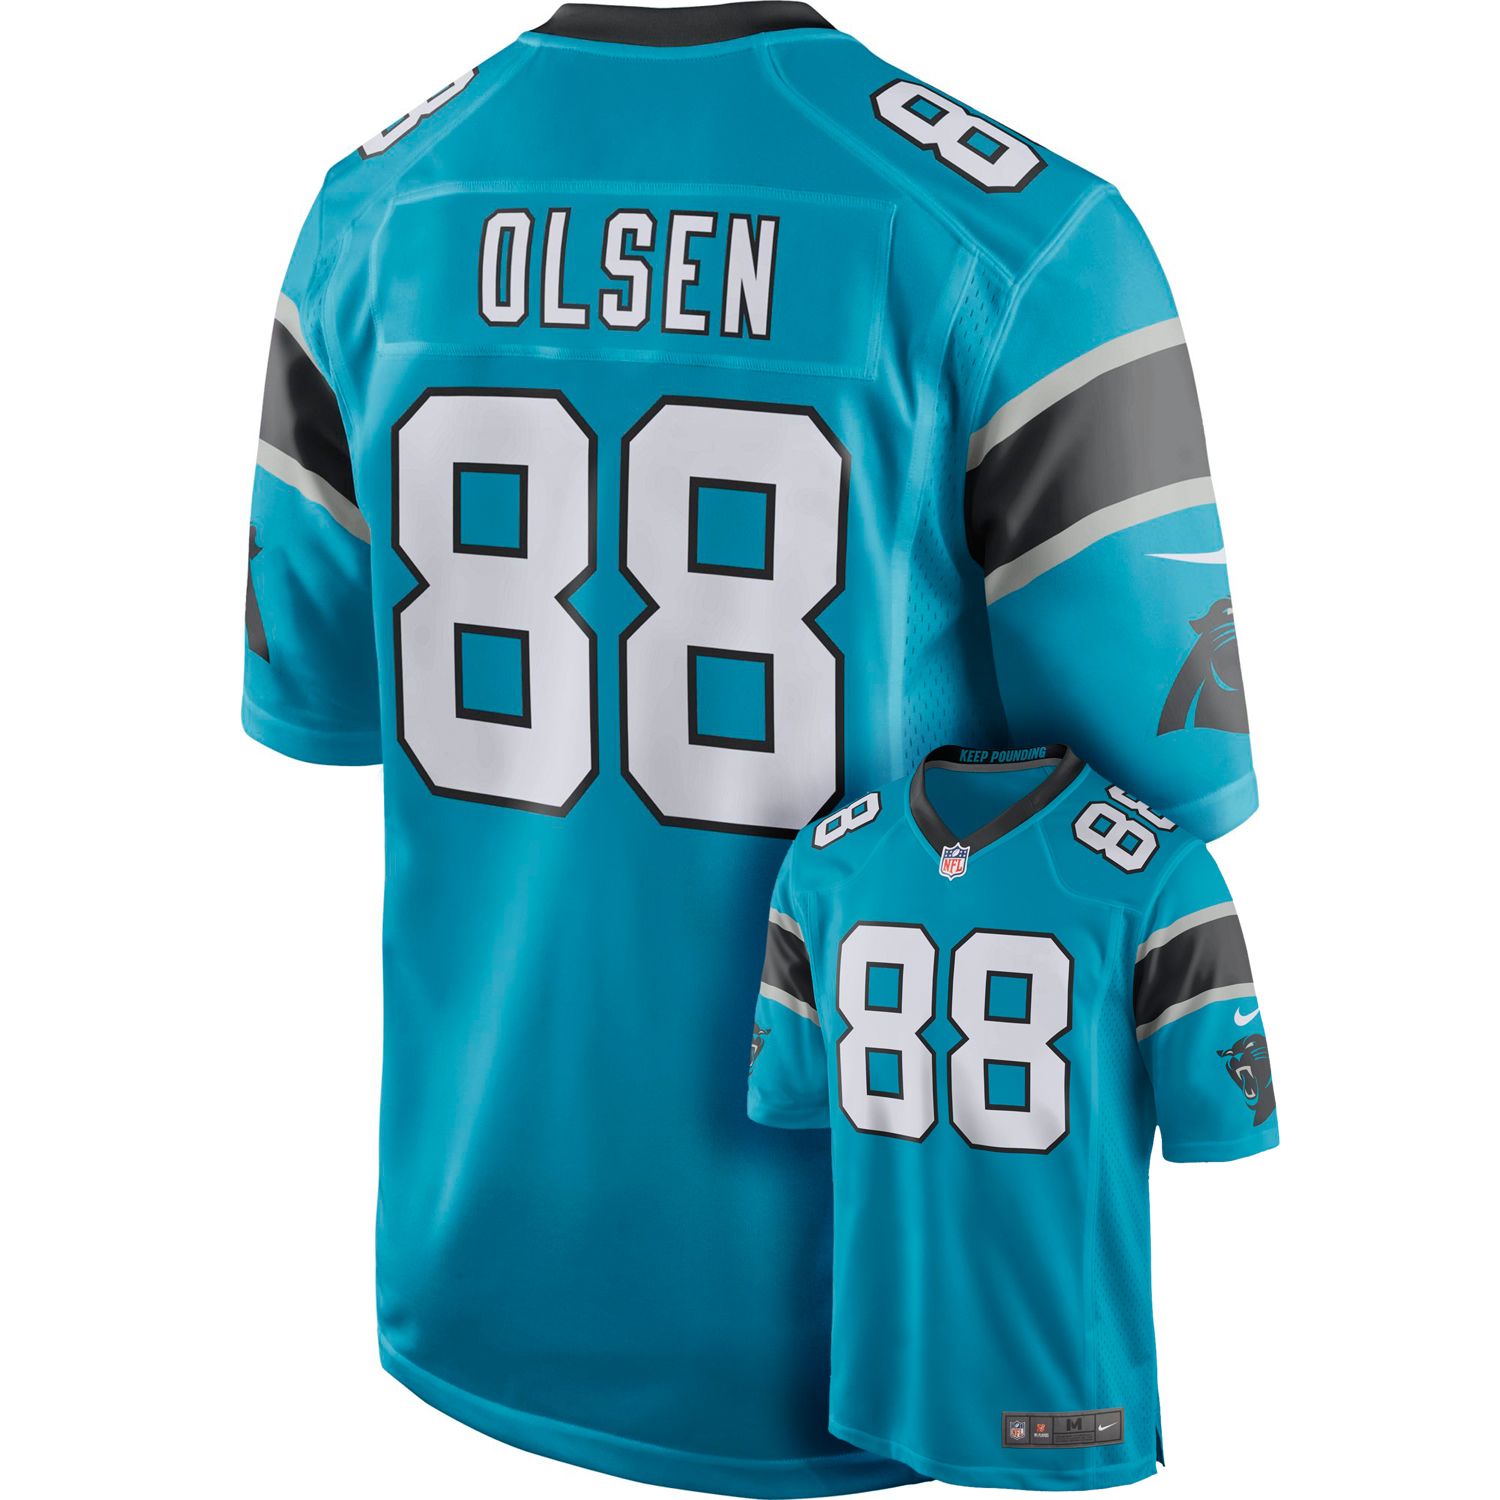 Greg Olsen Game NFL Replica Jersey
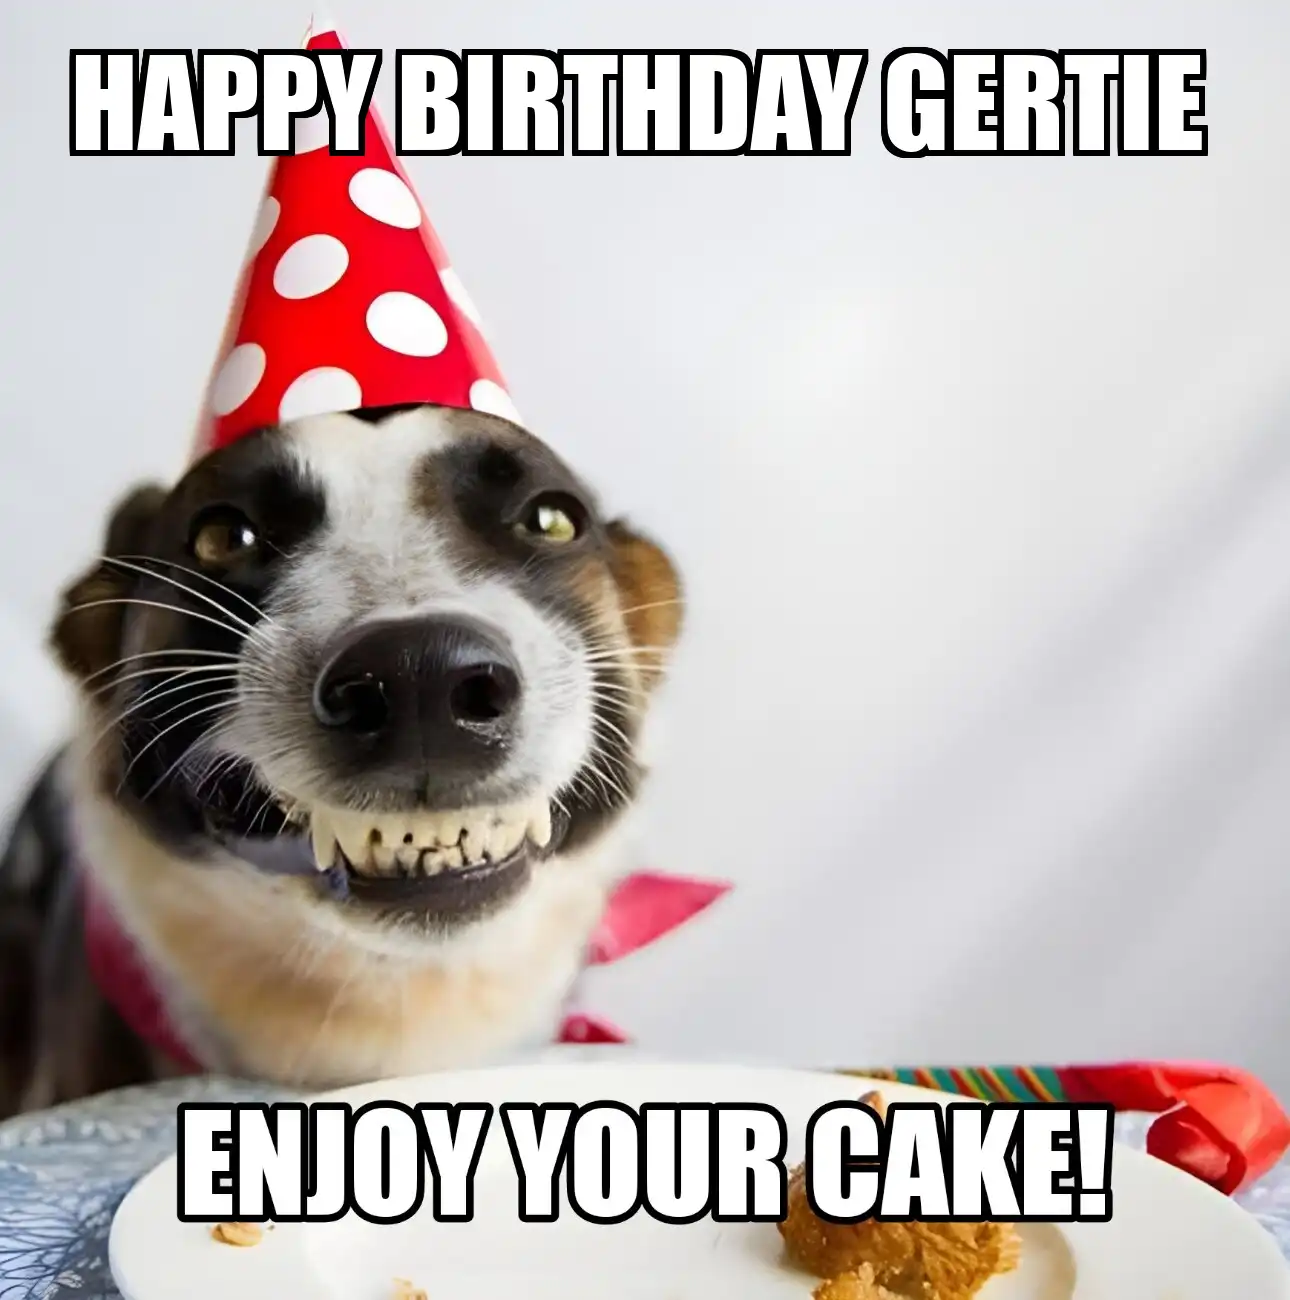 Happy Birthday Gertie Enjoy Your Cake Dog Meme
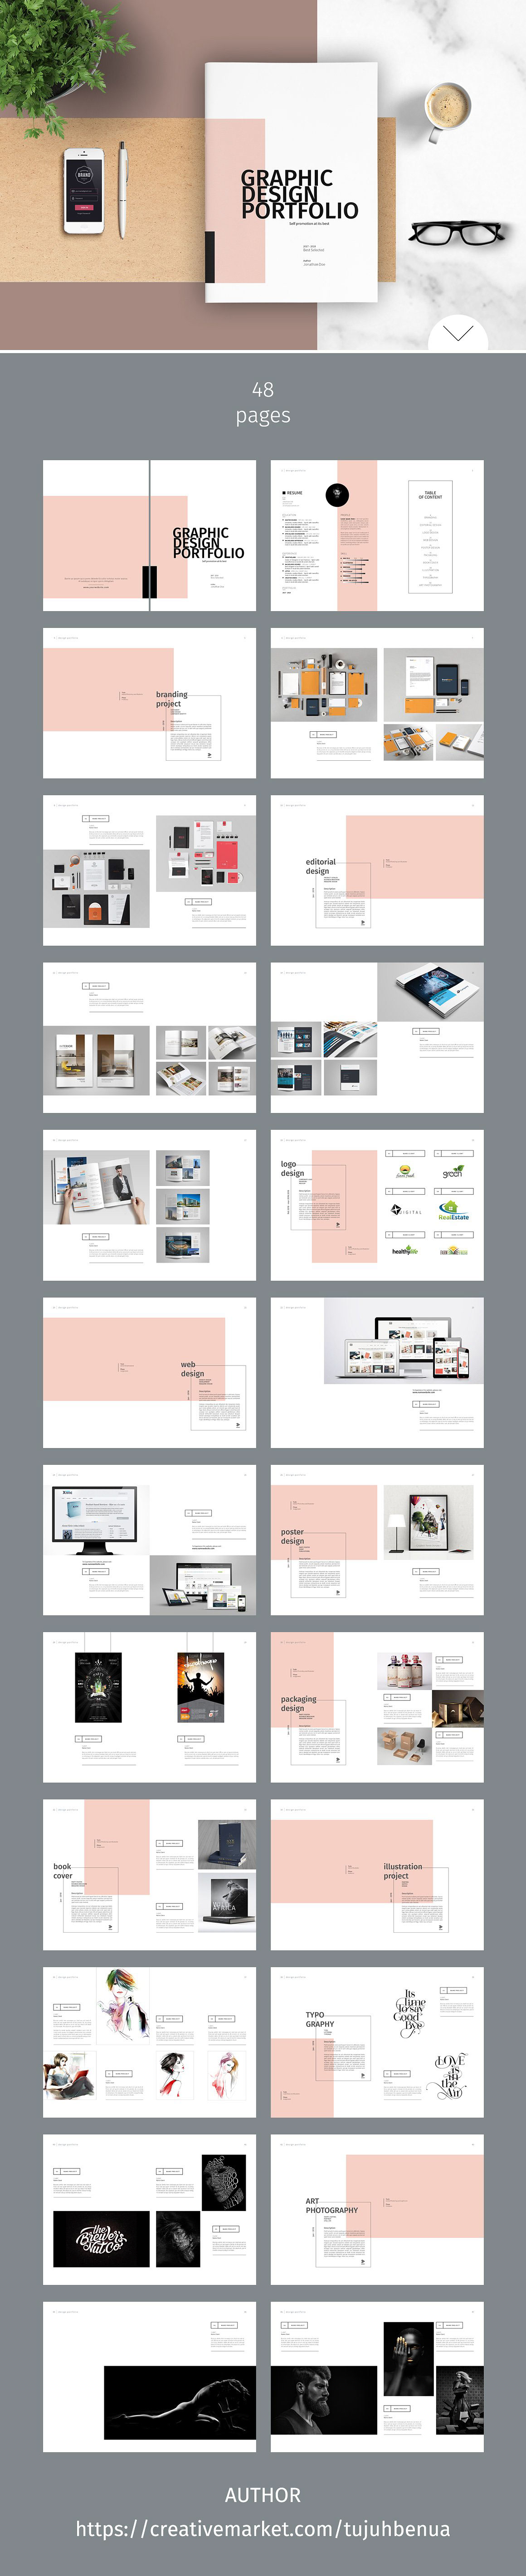 graphic-design-portfolio-template-on-behance

*Task details*
An exact copy of the listing above is to be set down, with no pictures in it.

*Written response*
 Greg Olsen Game NFL Replica Jersey
 Happy Birthday Gertie Enjoy Your Cake Dog Meme
 graphic-design-portfolio-template-on-behance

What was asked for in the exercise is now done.